The last time astronomers had such a clear view of the farthest planet from the Sun was when Nasa's Voyager 2 became the first and only space probe to fly past the ice giant for just a few hours in 1989.
Now Webb's unprecedented infrared imaging capabilities has provided a new glimpse into Neptune's atmosphere, said Mark McCaughrean, a senior advisor for science and exploration at the European Space Agency, on Wednesday.
The telescope "takes all that glare and background away" so that "we can start to tease out the atmospheric composition" of the planet, McCaughrean, who has worked on the Webb project for more than 20 years, told AFP.
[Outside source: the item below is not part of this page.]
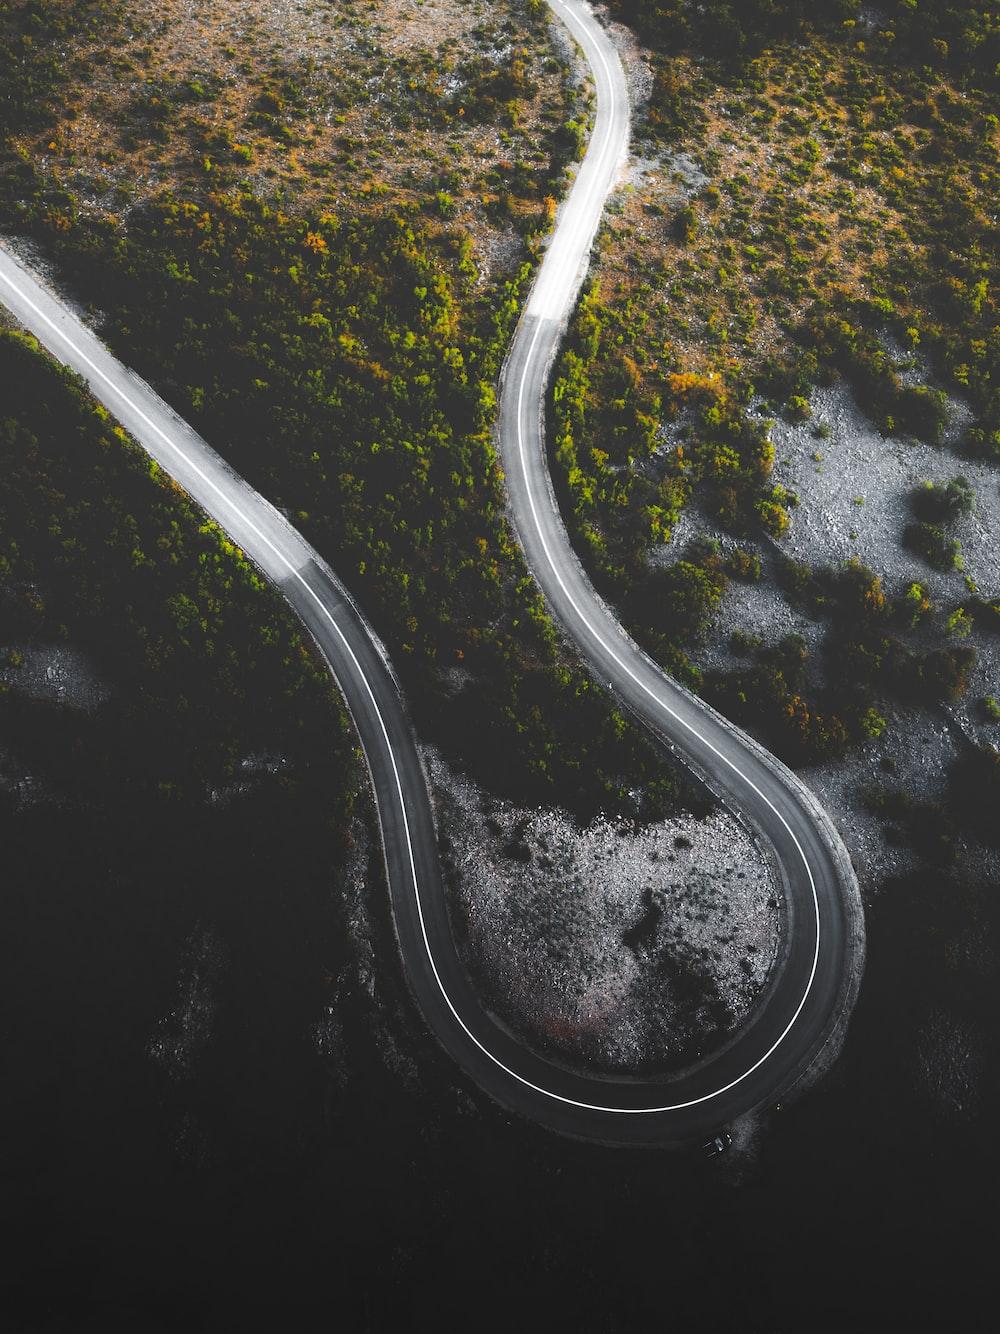 white line on asphalt road
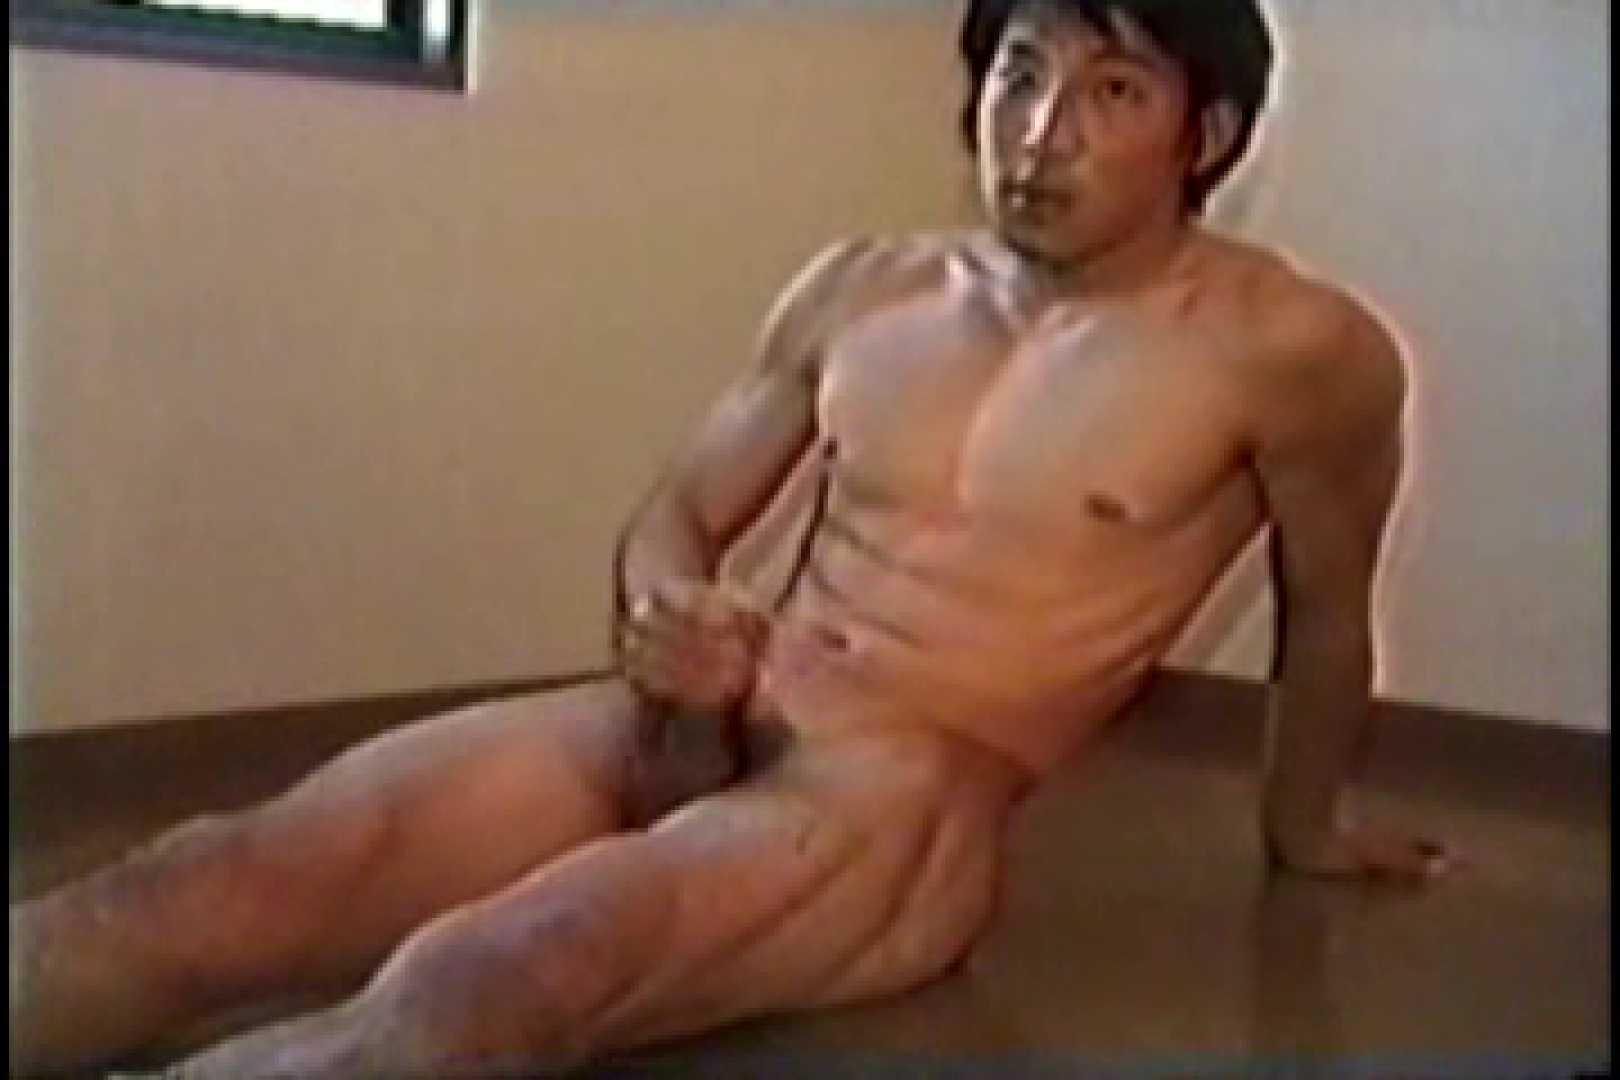 『ノンケ・スポーツマンシップとは・・・! ! 』 第6戦 裸の男たち ゲイエロ動画 111枚 23

Neptune appears as deep blue in previous images taken by the Hubble Space Telescope due to methane in its atmosphere.
However, the near-infrared wavelengths captured by Webb's primary imager NIRCam shows the planet as a greyish white, with icy clouds streaking the surface.
"The rings are more reflective in the infrared," McCaughrean said, "so they're much easier to see".
The image also shows an "intriguing brightness" near the top of Neptune, Nasa said in a statement. Because the planet is tilted away from Earth and takes 164 years to orbit the Sun, astronomers have not yet had a good look at its north pole.
Webb also spotted seven of Neptune's 14 known moons.
Looming over Neptune in a zoomed-out image is what appears to be a very bright spiky star, but is in fact Triton, Neptune's strange, huge moon haloed with Webb's famed diffraction spikes.
Triton, which is larger than dwarf planet Pluto, appears brighter than Neptune because it is covered in ice, which reflects light. Neptune meanwhile "absorbs most of the light falling on it", McCaughrean said.
Because Triton orbits the wrong way around Neptune, it is believed to have once been an object from the nearby Kuiper belt which was captured in the planet's orbit.
"So it's a pretty cool to go and have a look at," said McCaughrean.